Inflation continues to rock the economy, leaving your pocketbook and savings accounts something more to be desired. We get it. Rising costs make it harder to save money. Still, there are plenty of ways to reduce costs while tucking money into a savings account. 

We dug our heels in for this one and gathered some tips to help you save money, even during challenging times, beginning with what to do about your current debt.

Pay Down Debt

Paying down debt might seem like a no-brainer, but there’s more to it than you might realize.

You’re probably already aware that staying on top of your credit history is an excellent place to start. After all, what’s on your credit report impacts your overall credit score, including outstanding debt, but current debt can also drag down your ability to save money.

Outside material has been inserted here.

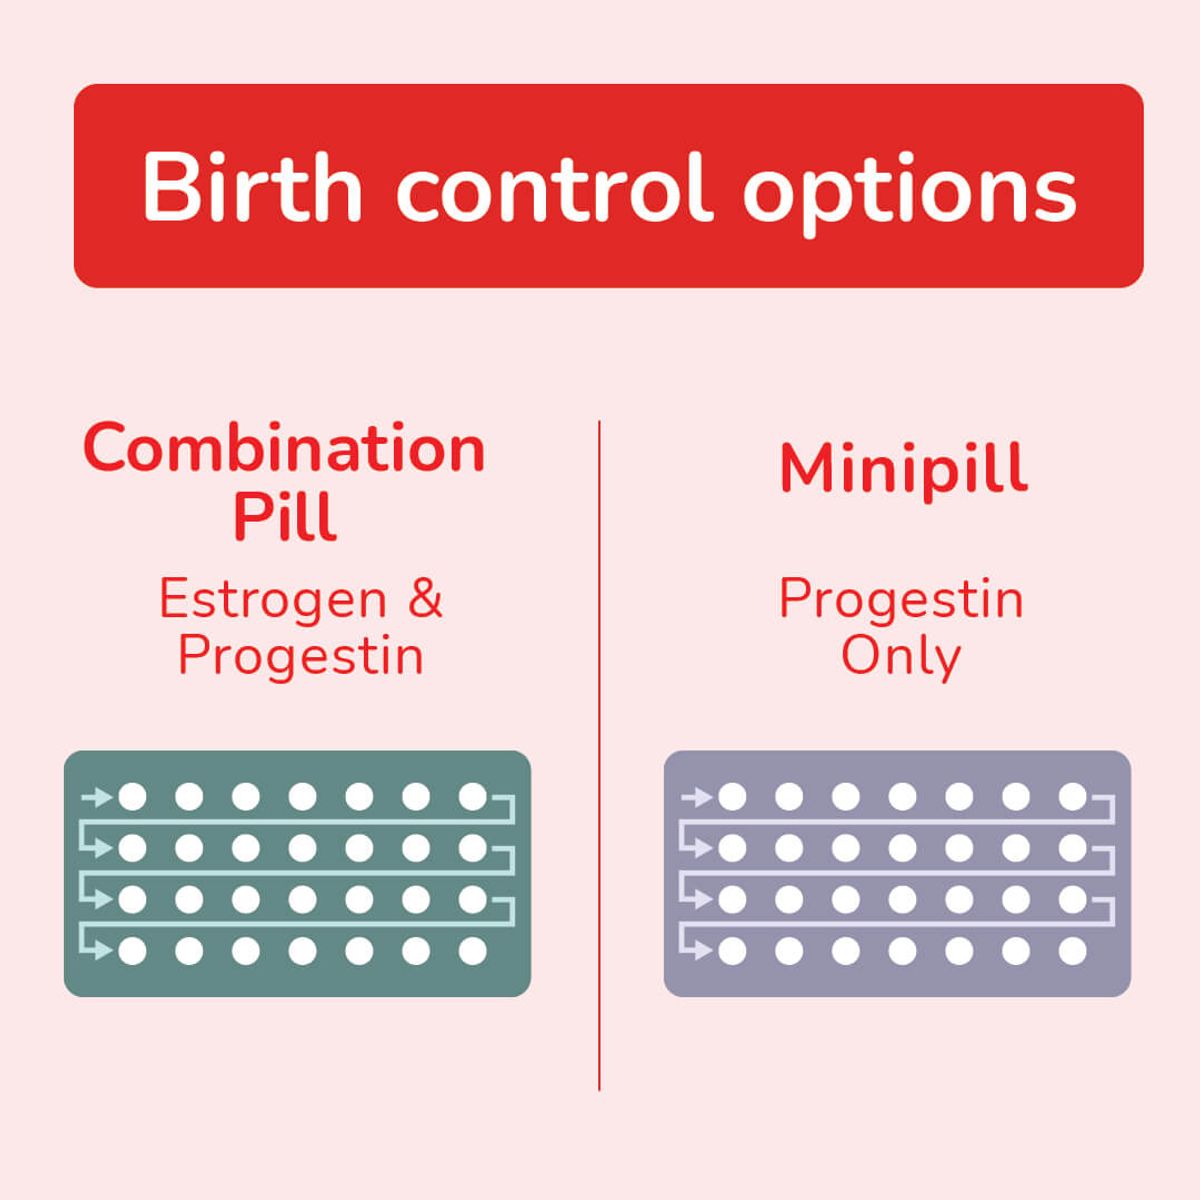 Birth Control Options: Combination Pill (Estrogen & Progestin) vs. Minipill (Progestin Only)

Pay down any current monthly debt that you might have fallen behind on. Electric bills and other utilities add up fast. Credit card payments or loans quickly escalate, especially those bills with compounding interest. Rather than paying extra interest, aim to bring these bills current as soon as possible. Once everything is current, use your credit report as a guide for paying down old debt.

Consolidate Debt

Regarding loans, now might be the time to re-evaluate your current terms. Determine whether you might qualify for a better loan rate through debt consolidation for personal or student loans. Sometimes you can snag a better rate, a lower monthly payment, or both, saving you hundreds of dollars in interest over the term.

You can consolidate credit card debt, too. Do you have multiple credit cards with high-interest rates? If so, debt consolidation will work in your favor if you qualify for a lower rate. Credit cards have compounding interest rates calculated by your current balance plus any additional interest. Consolidating credit card debt may reduce the interest you pay for the credit card account. Contact us to learn about your options.

Consider a Mortgage Refinance

Lower rates don’t only apply to credit cards and personal loans. If you own your home and have had your current mortgage for a few years, then now might be a good time to refinance your mortgage. 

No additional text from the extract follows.